Between May 2011 and December 2017, all cases in which indocyanine green videoangiography and FLOW 800 analysis were used at least one time before, during, or after the tumor resection, and in which surgical videos were available, were retrospectively reviewed. Results of the histological analysis were analyzed together with the intraoperative ICG-VA with FLOW 800 in order to investigate the tumor-related videoangiographic features.

Seventy-one patients who underwent surgery for cerebral and spinal tumors were intraoperatively analyzed using ICG-VA with FLOW 800, either before or after tumor resection, for a total of 93 videoangiographic studies. The histological diagnosis was meningioma in 25 cases, glioma in 14, metastasis in 7, pineal region tumor in 5, hemangioblastoma in 4, chordoma in 3, and other histological types in 13 cases. The authors identified 4 possible applications of ICG-VA and FLOW 800 in CNS tumor surgery: extradural surveys allowed exploration of sinus patency and the course of veins before dural opening; preresection surveys helped in identifying pathological vascularization (arteriovenous fistulas and neo-angiogenesis) and regional venous outflow, and in performing temporary venous clipping tests, when necessary; postresection surveys were conducted to evaluate arterial and venous patency and parenchymal perfusion after tumor removal; and a premyelotomy survey was conducted in intramedullary tumors to highlight the posterior median sulcus.

They found ICG-VA with FLOW 800 to be a useful method to monitor blood flow in the exposed vessels and parenchyma during the microsurgical removal of CNS tumors in selected cases. In particular, a preresection survey provides useful information about pathophysiological changes of brain vasculature related to the tumor and aids in the individuation of helpful landmarks for the surgical approach, and the postresection survey helps to prevent potential complications associated with the resection (such as local hypoperfusion or venous infarction) 7).


1)
Durduran T, Choe R, Baker WB, Yodh AG. Diffuse optics for tissue monitoring and tomography. Rep Prog Phys. 2010;73(7):076701.
2)
Ergin A, Wang M, Zhang JY, et al. The feasibility of real-time in vivo optical detection of blood-brain barrier disruption with indocyanine green.
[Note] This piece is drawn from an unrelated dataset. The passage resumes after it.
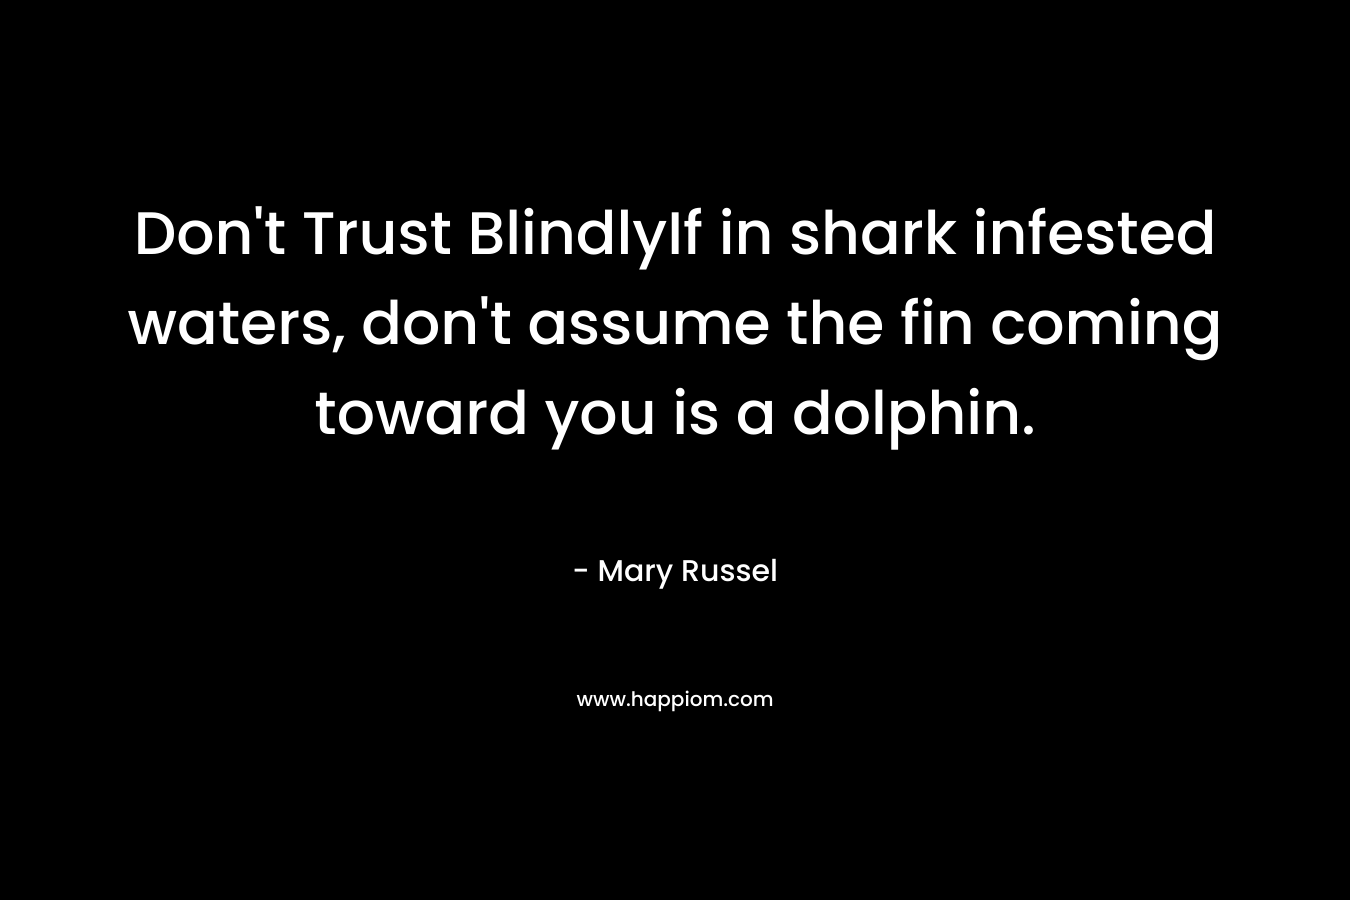 Don't Trust BlindlyIf in shark infested waters, don't assume the fin coming toward you is a dolphin.
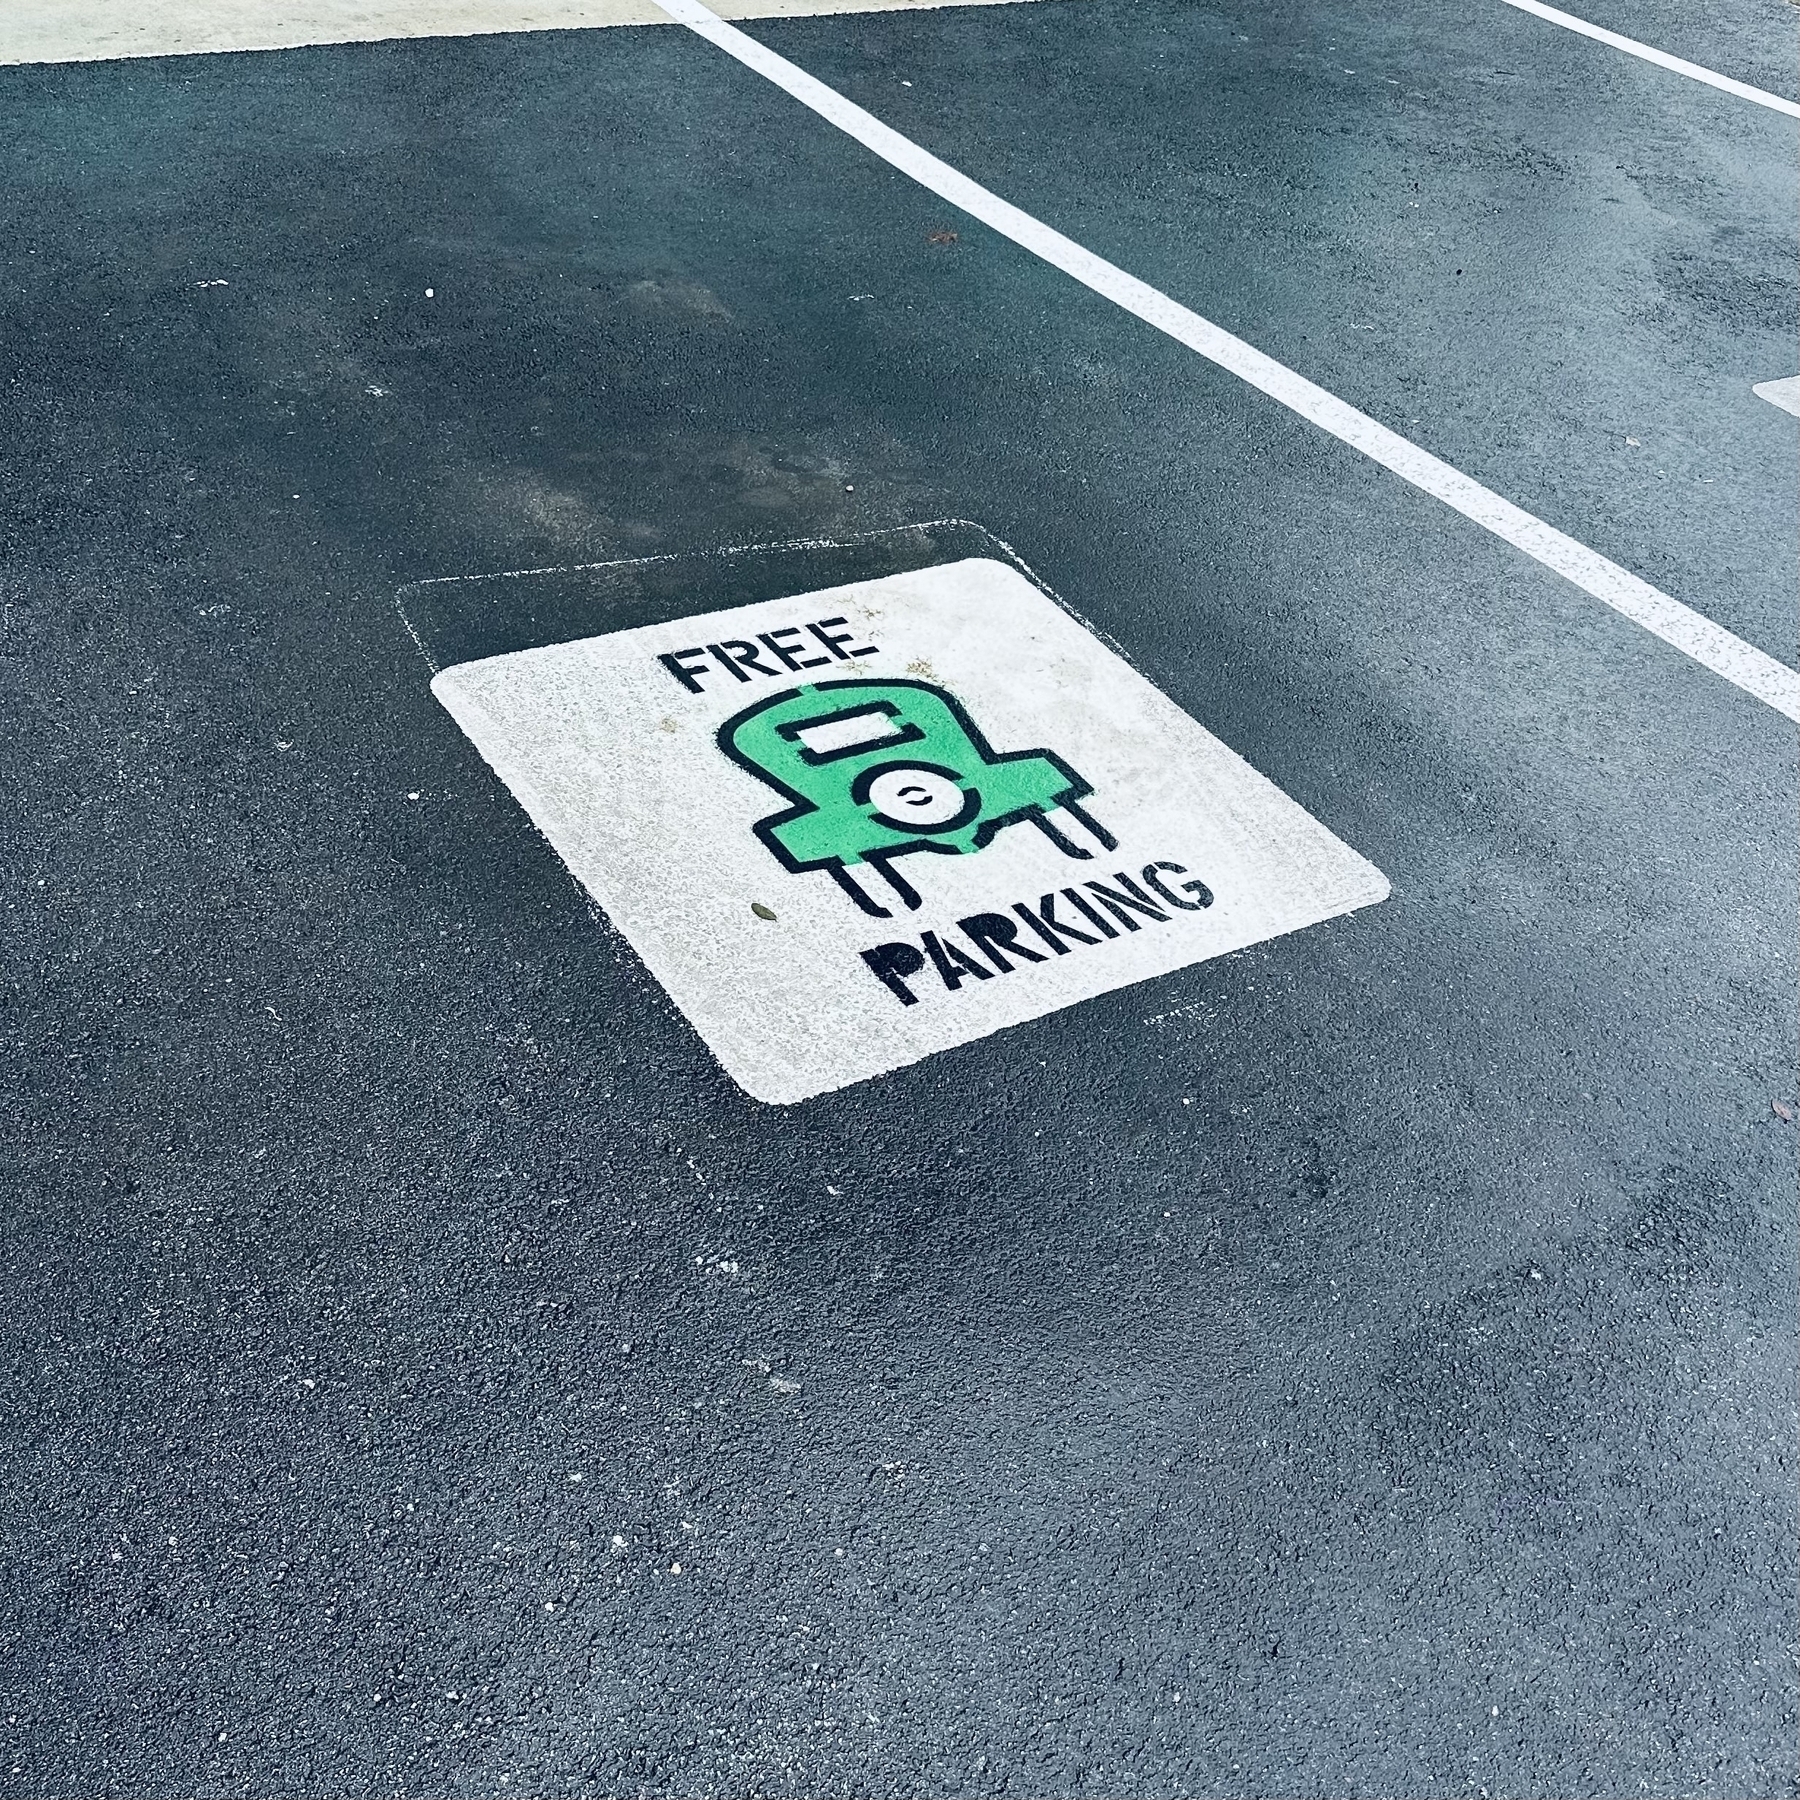 Free parking from Monopoly painted on parking space.

J Neurooncol. 2012;106(3):551–560.
3) , 4)
Wu JB, Shao C, Li X, et al. Near-infrared fluorescence imaging of cancer mediated by tumor hypoxia and HIF1α/OATPs signaling axis. Biomaterials. 2014;35(28):8175–8185.
5)
Cherrick GR, Stein SW, Leevy CM, Davidson CS. Indocyanine green: observations on its physical properties, plasma decay, and hepatic extraction. J Clin Invest. 1960;39:592–600.
6)
Zeh R, Sheikh S, Xia L, Pierce J, Newton A, Predina J, Cho S, Nasrallah M, Singhal S, Dorsey J, Lee JYK. The second window ICG technique demonstrates a broad plateau period for near infrared fluorescence tumor contrast in glioblastoma. PLoS One. 2017 Jul 24;12(7):e0182034. doi: 10.1371/journal.pone.0182034. eCollection 2017. PubMed PMID: 28738091.
7)
Acerbi F, Vetrano IG, Sattin T, de Laurentis C, Bosio L, Rossini Z, Broggi M, Schiariti M, Ferroli P. The role of indocyanine green videoangiography with FLOW 800 analysis for the surgical management of central nervous system tumors: an update. Neurosurg Focus. 2018 Jun;44(6):E6. doi: 10.3171/2018.3.FOCUS1862. PubMed PMID: 29852759.